Shewarge Amare Alene

Personal information
- Born: 9 December 1994
- Died: 23 September 2025 (aged 30) Addis Ababa, Ethiopia

Sport
- Country: Ethiopia
- Sport: Marathon

= Shewarge Amare Alene =

Ethiopian long distance runner (1994–2025)

Shewarge Amare Alene (9 December 1994 – 23 September 2025) was an Ethiopian marathon runner.

By 2010, she lived in New York City. There, she gained attention for winning and setting a course record in the uphill Mount Washington Road Race. She later resided in Mexico.
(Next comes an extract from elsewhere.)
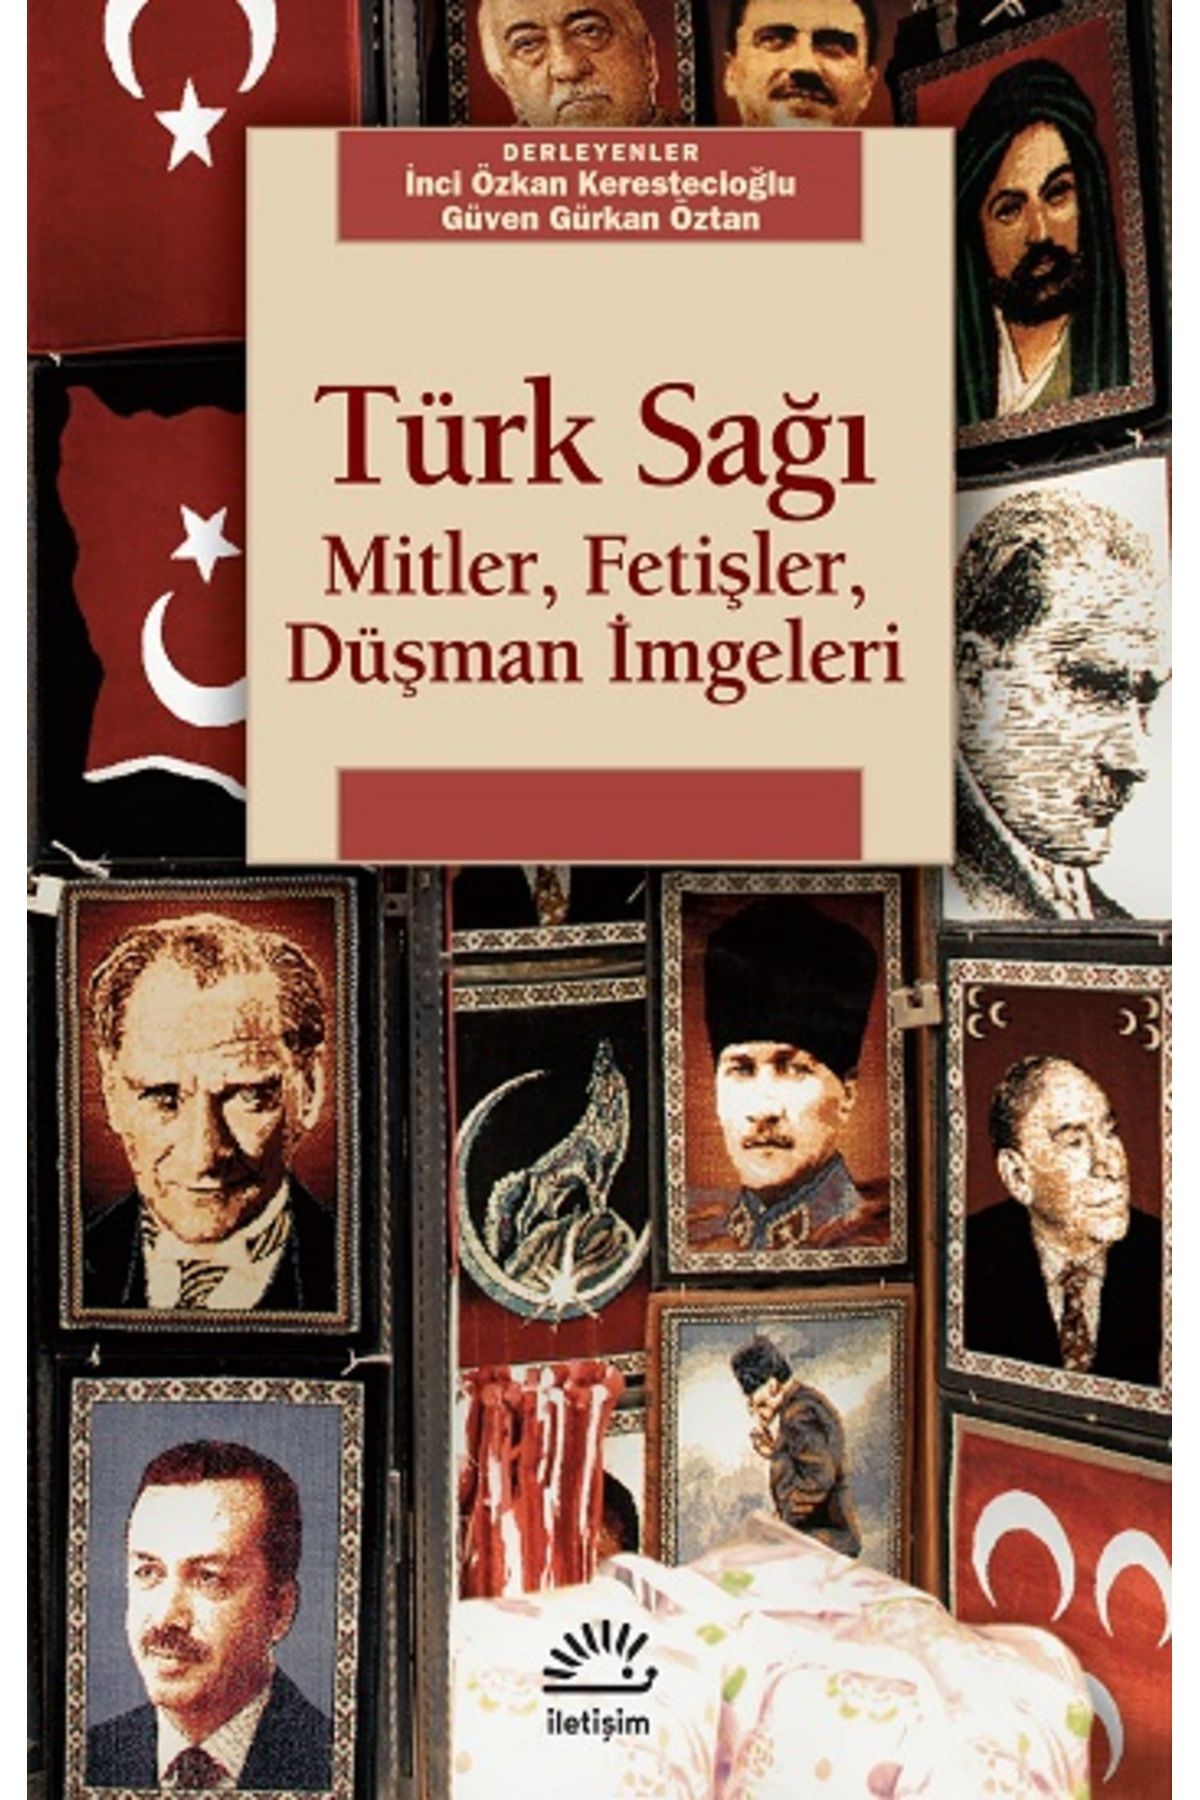 İletişim Yayınları Türk Sağı: Mitler, Fetişler, Düşman Imgeleri
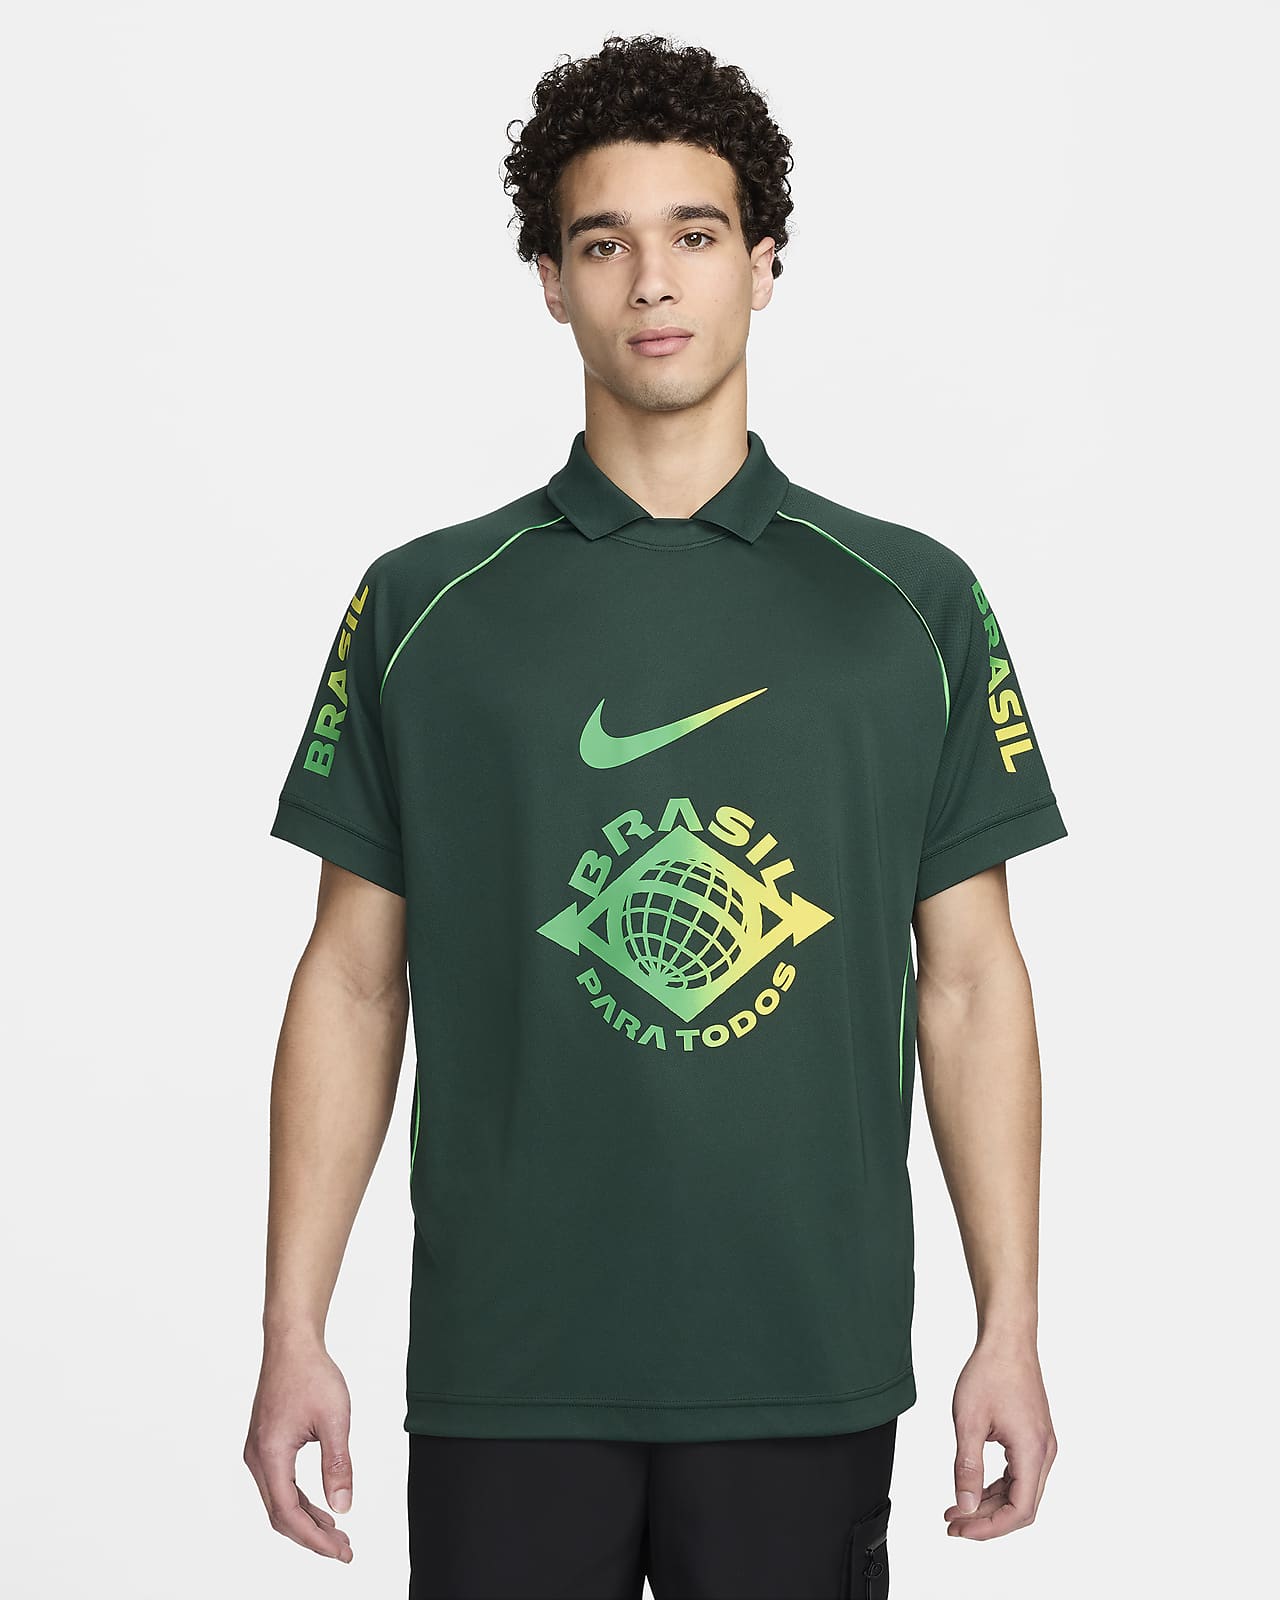 ブラジル メンズ ナイキ Dri-FIT サッカーユニフォーム

Her highest placement in Gold Label marathons was 10th in the 2017 Hong Kong Marathon. She competed without finishing in the 2011 New York City Marathon. Marathon wins during her career include the 2012, 2014 and 2015 Mexico City Marathons, the 2014 Lala Marathon, the 2017 Mérida Marathon, the 2018 Bangkok Marathon, the 2018 Waco Marathon, 2019 marathons in Ciudad Juárez, Huancayo, and Santiago de los Caballeros and the 2023 Izmir Marathon. Her last race was the 2025 Stockholm Marathon, on 31 May, which she also won. She died on 23 September 2025, at the age of 30, having been hospitalised in Addis Ababa whilst attending a training camp.

Her personal best times were 1:07:43 hours in the half marathon, achieved in May 2022 in Konya; and 2:27:26 hours in the marathon, achieved in October 2023 in the Cape Town Marathon.